In a post published two days later on X – that day Trump hosted Orbán Of the White House talks, Lake wrote: “Globalists are more than ready to hate our ally Viktor Orbán.”

“What they do not have the right to do is use YOUR money to destabilize the Hungarian regime through taxpayer-funded programs at Szabad Európa. We are putting a stop to this,” he wrote. Orbán responded to her post with gratitude, writing: “Thank you!”

Trump ally Orbán has overseen the construction of a massive building since returning to power in 2010. pro-government media machine Many independent newspapers and publications in Hungary were closed or taken under the control of people with close ties to the government.

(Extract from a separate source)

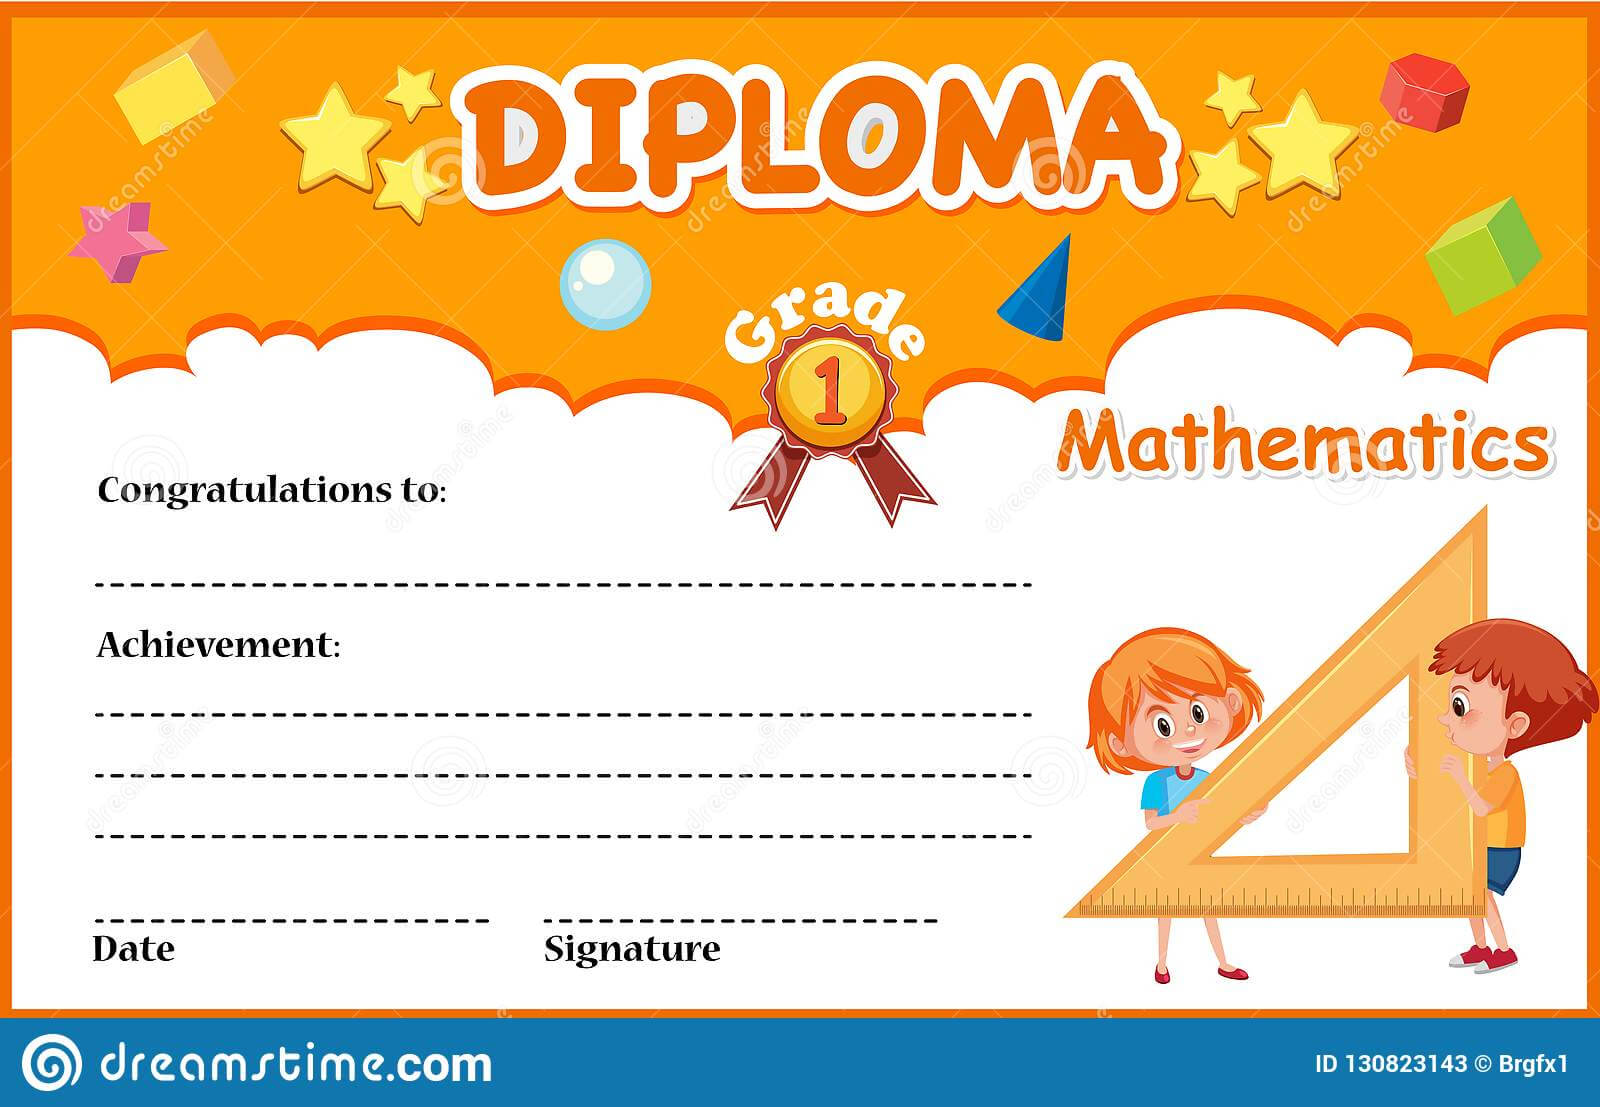 Mathematics Diploma Certificate Template Stock Vector With Regard To Math Certificate Template
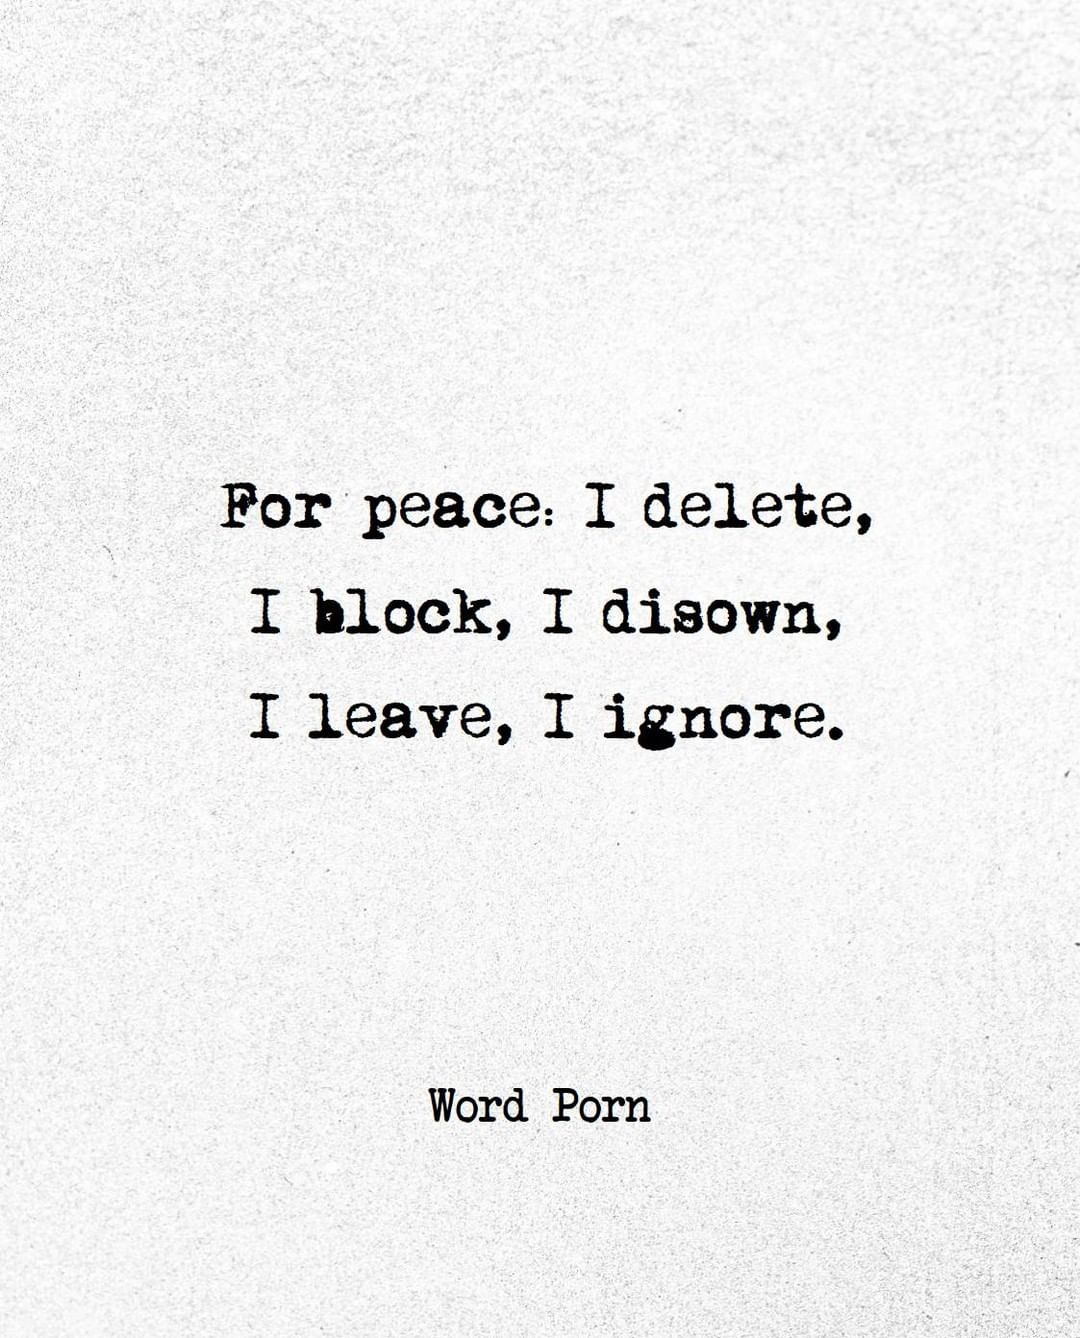 Por peace: I delete, I block, I disown, I leave, I ignore.

According to press watchdog Reporters Without Borders, Orbán has built “a veritable media empire subject to the dictates of his party”, using media buys from government oligarchs. The group estimates that such acquisitions give Orbán’s party control of around 80% of Hungary’s media market resources. In 2021, he put Orbán on the media’s “predators” list, becoming the first European Union leader to earn this title.

Earlier this year, Orbán’s party introduced this law. blacklist and sensitive critical media outlets People who receive financing or grants from abroad.